### What the task requires
Every entry must be transcribed exactly as written.

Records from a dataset
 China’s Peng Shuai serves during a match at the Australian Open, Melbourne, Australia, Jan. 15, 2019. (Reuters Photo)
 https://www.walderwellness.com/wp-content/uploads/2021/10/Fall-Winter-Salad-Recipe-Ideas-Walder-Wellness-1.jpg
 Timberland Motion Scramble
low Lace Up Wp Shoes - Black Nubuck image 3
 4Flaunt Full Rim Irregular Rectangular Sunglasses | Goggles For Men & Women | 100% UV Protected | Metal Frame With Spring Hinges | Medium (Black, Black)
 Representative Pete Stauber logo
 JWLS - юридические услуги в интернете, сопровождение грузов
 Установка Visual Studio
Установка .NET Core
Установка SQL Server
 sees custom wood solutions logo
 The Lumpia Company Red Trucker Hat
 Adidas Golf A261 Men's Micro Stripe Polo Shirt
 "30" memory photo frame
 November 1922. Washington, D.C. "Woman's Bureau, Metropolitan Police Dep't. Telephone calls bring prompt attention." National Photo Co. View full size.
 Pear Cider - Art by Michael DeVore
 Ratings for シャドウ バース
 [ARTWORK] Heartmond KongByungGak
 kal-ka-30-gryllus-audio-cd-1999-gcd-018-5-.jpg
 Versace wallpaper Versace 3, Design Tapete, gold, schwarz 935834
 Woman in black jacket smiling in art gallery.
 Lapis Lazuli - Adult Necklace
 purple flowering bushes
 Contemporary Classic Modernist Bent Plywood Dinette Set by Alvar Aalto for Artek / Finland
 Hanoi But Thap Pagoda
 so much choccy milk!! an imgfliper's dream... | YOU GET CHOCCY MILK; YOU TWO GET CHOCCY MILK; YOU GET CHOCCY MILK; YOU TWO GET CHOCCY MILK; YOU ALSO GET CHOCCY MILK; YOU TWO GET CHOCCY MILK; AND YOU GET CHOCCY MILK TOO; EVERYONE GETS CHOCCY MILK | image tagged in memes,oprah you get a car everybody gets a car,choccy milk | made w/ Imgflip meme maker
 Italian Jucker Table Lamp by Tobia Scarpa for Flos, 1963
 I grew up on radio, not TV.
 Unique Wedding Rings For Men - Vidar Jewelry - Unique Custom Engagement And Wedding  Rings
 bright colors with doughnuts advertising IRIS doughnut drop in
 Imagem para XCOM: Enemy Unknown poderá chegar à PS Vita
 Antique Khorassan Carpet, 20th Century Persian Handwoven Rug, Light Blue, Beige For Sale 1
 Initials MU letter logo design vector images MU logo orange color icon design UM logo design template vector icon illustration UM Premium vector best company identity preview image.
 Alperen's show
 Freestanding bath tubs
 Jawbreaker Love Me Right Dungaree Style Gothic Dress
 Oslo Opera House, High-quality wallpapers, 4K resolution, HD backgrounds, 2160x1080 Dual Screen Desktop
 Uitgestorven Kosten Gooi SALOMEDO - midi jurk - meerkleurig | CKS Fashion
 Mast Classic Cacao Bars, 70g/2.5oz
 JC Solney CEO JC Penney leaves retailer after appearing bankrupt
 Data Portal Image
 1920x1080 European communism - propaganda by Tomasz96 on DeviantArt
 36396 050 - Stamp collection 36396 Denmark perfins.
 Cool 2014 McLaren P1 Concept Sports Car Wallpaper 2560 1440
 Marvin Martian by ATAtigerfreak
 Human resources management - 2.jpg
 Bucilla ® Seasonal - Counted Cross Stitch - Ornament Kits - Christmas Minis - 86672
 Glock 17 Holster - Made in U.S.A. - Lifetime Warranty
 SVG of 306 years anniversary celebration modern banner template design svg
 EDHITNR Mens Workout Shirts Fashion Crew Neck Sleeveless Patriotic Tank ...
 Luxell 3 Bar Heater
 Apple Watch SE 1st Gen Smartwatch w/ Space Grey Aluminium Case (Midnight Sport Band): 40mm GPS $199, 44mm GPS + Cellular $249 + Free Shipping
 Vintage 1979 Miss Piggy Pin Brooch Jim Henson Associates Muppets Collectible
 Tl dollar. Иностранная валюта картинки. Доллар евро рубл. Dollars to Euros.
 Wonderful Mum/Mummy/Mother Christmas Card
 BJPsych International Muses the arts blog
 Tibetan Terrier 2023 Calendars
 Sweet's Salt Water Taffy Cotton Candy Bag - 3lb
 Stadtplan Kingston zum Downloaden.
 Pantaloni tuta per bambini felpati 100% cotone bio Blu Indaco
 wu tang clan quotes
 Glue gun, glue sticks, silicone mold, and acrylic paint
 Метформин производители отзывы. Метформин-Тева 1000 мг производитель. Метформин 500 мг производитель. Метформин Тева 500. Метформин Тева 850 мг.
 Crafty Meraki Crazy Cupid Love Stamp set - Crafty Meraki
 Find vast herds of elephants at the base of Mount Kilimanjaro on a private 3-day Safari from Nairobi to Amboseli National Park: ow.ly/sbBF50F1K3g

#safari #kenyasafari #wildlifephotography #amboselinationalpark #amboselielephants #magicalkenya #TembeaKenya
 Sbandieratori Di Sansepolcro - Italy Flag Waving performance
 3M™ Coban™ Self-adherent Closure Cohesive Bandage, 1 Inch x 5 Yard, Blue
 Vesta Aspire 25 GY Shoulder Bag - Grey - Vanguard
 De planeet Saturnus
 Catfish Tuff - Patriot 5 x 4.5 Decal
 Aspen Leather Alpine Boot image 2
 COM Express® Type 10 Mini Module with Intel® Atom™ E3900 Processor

### The completed task
 China’s Peng Shuai serves during a match at the Australian Open, Melbourne, Australia, Jan. 15, 2019. (Reuters Photo)
 https://www.walderwellness.com/wp-content/uploads/2021/10/Fall-Winter-Salad-Recipe-Ideas-Walder-Wellness-1.jpg
 Timberland Motion Scramble
low Lace Up Wp Shoes - Black Nubuck image 3
 4Flaunt Full Rim Irregular Rectangular Sunglasses | Goggles For Men & Women | 100% UV Protected | Metal Frame With Spring Hinges | Medium (Black, Black)
 Representative Pete Stauber logo
 JWLS - юридические услуги в интернете, сопровождение грузов
 Установка Visual Studio
Установка .NET Core
Установка SQL Server
 sees custom wood solutions logo
 The Lumpia Company Red Trucker Hat
 Adidas Golf A261 Men's Micro Stripe Polo Shirt
 "30" memory photo frame
 November 1922. Washington, D.C. "Woman's Bureau, Metropolitan Police Dep't. Telephone calls bring prompt attention." National Photo Co. View full size.
 Pear Cider - Art by Michael DeVore
 Ratings for シャドウ バース
 [ARTWORK] Heartmond KongByungGak
 kal-ka-30-gryllus-audio-cd-1999-gcd-018-5-.jpg
 Versace wallpaper Versace 3, Design Tapete, gold, schwarz 935834
 Woman in black jacket smiling in art gallery.
 Lapis Lazuli - Adult Necklace
 purple flowering bushes
 Contemporary Classic Modernist Bent Plywood Dinette Set by Alvar Aalto for Artek / Finland
 Hanoi But Thap Pagoda
 so much choccy milk!! an imgfliper's dream... | YOU GET CHOCCY MILK; YOU TWO GET CHOCCY MILK; YOU GET CHOCCY MILK; YOU TWO GET CHOCCY MILK; YOU ALSO GET CHOCCY MILK; YOU TWO GET CHOCCY MILK; AND YOU GET CHOCCY MILK TOO; EVERYONE GETS CHOCCY MILK | image tagged in memes,oprah you get a car everybody gets a car,choccy milk | made w/ Imgflip meme maker
 Italian Jucker Table Lamp by Tobia Scarpa for Flos, 1963
 I grew up on radio, not TV.
 Unique Wedding Rings For Men - Vidar Jewelry - Unique Custom Engagement And Wedding  Rings
 bright colors with doughnuts advertising IRIS doughnut drop in
 Imagem para XCOM: Enemy Unknown poderá chegar à PS Vita
 Antique Khorassan Carpet, 20th Century Persian Handwoven Rug, Light Blue, Beige For Sale 1
 Initials MU letter logo design vector images MU logo orange color icon design UM logo design template vector icon illustration UM Premium vector best company identity preview image.
 Alperen's show
 Freestanding bath tubs
 Jawbreaker Love Me Right Dungaree Style Gothic Dress
 Oslo Opera House, High-quality wallpapers, 4K resolution, HD backgrounds, 2160x1080 Dual Screen Desktop
 Uitgestorven Kosten Gooi SALOMEDO - midi jurk - meerkleurig | CKS Fashion
 Mast Classic Cacao Bars, 70g/2.5oz
 JC Solney CEO JC Penney leaves retailer after appearing bankrupt
 Data Portal Image
 1920x1080 European communism - propaganda by Tomasz96 on DeviantArt
 36396 050 - Stamp collection 36396 Denmark perfins.
 Cool 2014 McLaren P1 Concept Sports Car Wallpaper 2560 1440
 Marvin Martian by ATAtigerfreak
 Human resources management - 2.jpg
 Bucilla ® Seasonal - Counted Cross Stitch - Ornament Kits - Christmas Minis - 86672
 Glock 17 Holster - Made in U.S.A. - Lifetime Warranty
 SVG of 306 years anniversary celebration modern banner template design svg
 EDHITNR Mens Workout Shirts Fashion Crew Neck Sleeveless Patriotic Tank ...
 Luxell 3 Bar Heater
 Apple Watch SE 1st Gen Smartwatch w/ Space Grey Aluminium Case (Midnight Sport Band): 40mm GPS $199, 44mm GPS + Cellular $249 + Free Shipping
 Vintage 1979 Miss Piggy Pin Brooch Jim Henson Associates Muppets Collectible
 Tl dollar. Иностранная валюта картинки. Доллар евро рубл. Dollars to Euros.
 Wonderful Mum/Mummy/Mother Christmas Card
 BJPsych International Muses the arts blog
 Tibetan Terrier 2023 Calendars
 Sweet's Salt Water Taffy Cotton Candy Bag - 3lb
 Stadtplan Kingston zum Downloaden.
 Pantaloni tuta per bambini felpati 100% cotone bio Blu Indaco
 wu tang clan quotes
 Glue gun, glue sticks, silicone mold, and acrylic paint
 Метформин производители отзывы. Метформин-Тева 1000 мг производитель. Метформин 500 мг производитель. Метформин Тева 500. Метформин Тева 850 мг.
 Crafty Meraki Crazy Cupid Love Stamp set - Crafty Meraki
 Find vast herds of elephants at the base of Mount Kilimanjaro on a private 3-day Safari from Nairobi to Amboseli National Park: ow.ly/sbBF50F1K3g

#safari #kenyasafari #wildlifephotography #amboselinationalpark #amboselielephants #magicalkenya #TembeaKenya
 Sbandieratori Di Sansepolcro - Italy Flag Waving performance
 3M™ Coban™ Self-adherent Closure Cohesive Bandage, 1 Inch x 5 Yard, Blue
 Vesta Aspire 25 GY Shoulder Bag - Grey - Vanguard
 De planeet Saturnus
 Catfish Tuff - Patriot 5 x 4.5 Decal
 Aspen Leather Alpine Boot image 2
 COM Express® Type 10 Mini Module with Intel® Atom™ E3900 Processor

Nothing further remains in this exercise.